I have no idea what you just said here. If the charge density is not given, you cannot assume that it is zero.

Please note that we started with you asking about a conductor. A solid, spherical conductor will have zero electric field inside the conductor under static condition. You cannot equate this with the earth. The earth with a constant density is similar to a dielectric sphere having a uniform charge density. This is where you will have gravitational field inside and outside of the earth, and electric field inside and outside of the sphere. Whereas a charged spherical conductor will only have an electric field outside the sphere and zero inside.

Zz.

Faiq
It should be noted that this result holds just as well for a hollow sphere. I remember finding it odd when I learned it the first time, but when you do the math, it comes out that way.

ZapperZ
Staff Emeritus
It should be noted that this result holds just as well for a hollow sphere. I remember finding it odd when I learned it the first time, but when you do the math, it comes out that way.

I'm trying not to include that because the OP seems to want to equate this with the gravitational field of the earth. And since we don't have a "hollow earth".........

Zz.

You should always, ALWAYS include such information, especially when you're new here, when asking such question. Otherwise, many of us will waste our time in giving you an explanation that you can't comprehend.

I have no idea what you just said here. If the charge density is not given, you cannot assume that it is zero.

Please note that we started with you asking about a conductor. A solid, spherical conductor will have zero electric field inside the conductor under static condition. You cannot equate this with the earth. The earth with a constant density is similar to a dielectric sphere having a uniform charge density. This is where you will have gravitational field inside and outside of the earth, and electric field inside and outside of the sphere. Whereas a charged spherical conductor will only have an electric field outside the sphere and zero inside.

Zz.
I completely understand what you said. Thank you for such a thorough explanation. Can you please provide me some differences of dielectric charged sphere and a solid spherical conductor?

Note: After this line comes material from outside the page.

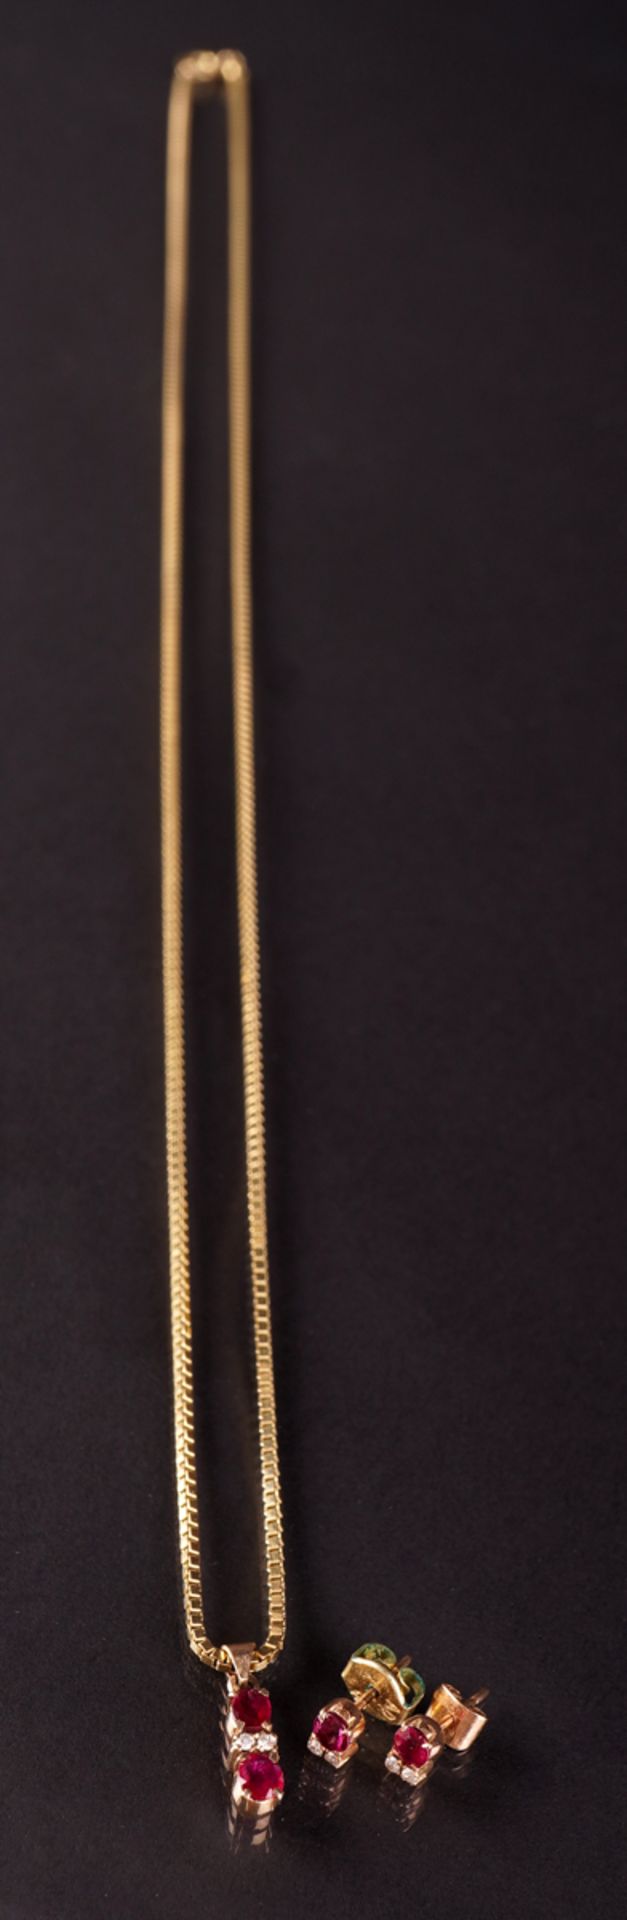 Kette mit Rubinanhänger mit passenden Ohrsteckern, GG 585/333 - Bild 3 aus 5
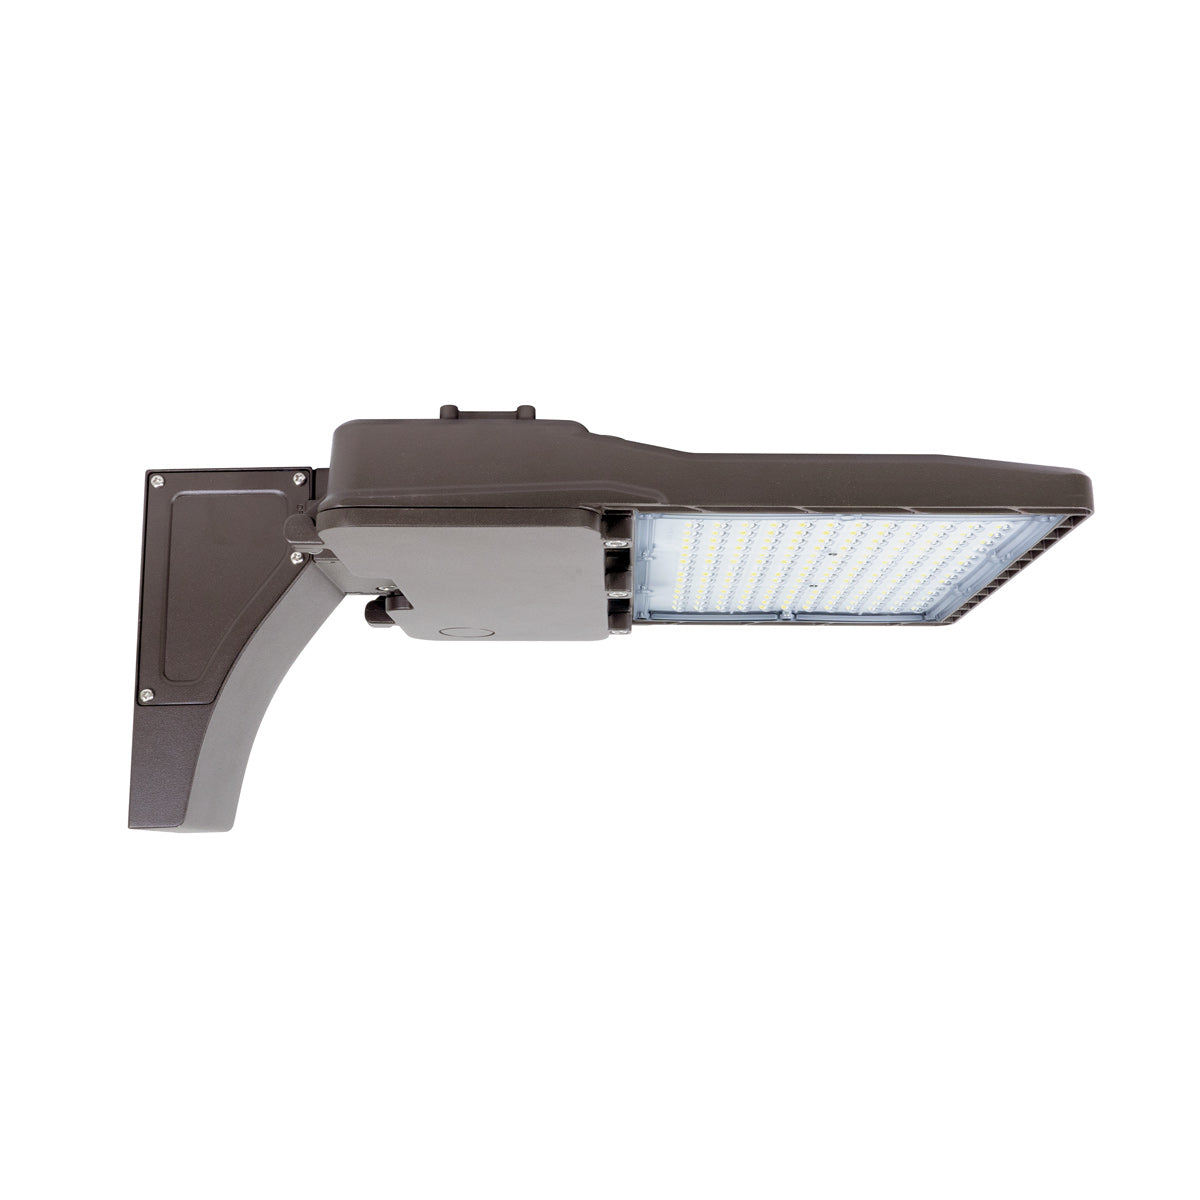 LED Shoebox Area Light - 150W / 21,000 lumens

It's the exact difference we mentioned. In a conductor the charges can move, in a dielectric they can't. That's why the former has zero field inside, the latter doesn't.

Faiq
It's the exact difference we mentioned. In a conductor the charges can move, in a dielectric they can't. That's why the former has zero field inside, the latter doesn't.
Precisely, what does the dielectric does that prevent the charges from moving? All I learned about dielectric was they are a medium with a permittivity constant >1

For that I have to refer you to the Wikipedia article on dielectric materials:

https://en.wikipedia.org/wiki/Dielectric

Short answer: Dielectrics are insulators. In insulators, charges don't move (don't move *much*, to be exact. They move a tiny bit, that's what makes them dielectric).

Faiq
jtbell
Mentor
So would you say the second answer on the link I posted above is wrong?
The second answer describes a non-conducting sphere with a uniform charge distribution, which is completely different from the situation presented in the question.

For that I have to refer you to the Wikipedia article on dielectric materials:

https://en.wikipedia.org/wiki/Dielectric

Short answer: Dielectrics are insulators. In insulators, charges don't move (don't move *much*, to be exact. They move a tiny bit, that's what makes them dielectric).
Understood. Thank you for helping

If there is an electric field inside a conductor then charges will move. In a static situation, where charges are not moving, the electric field is zero (otherwise charges would be moving). It's important to state whether the situation is static or not before making a statement about the electric field inside the conductor.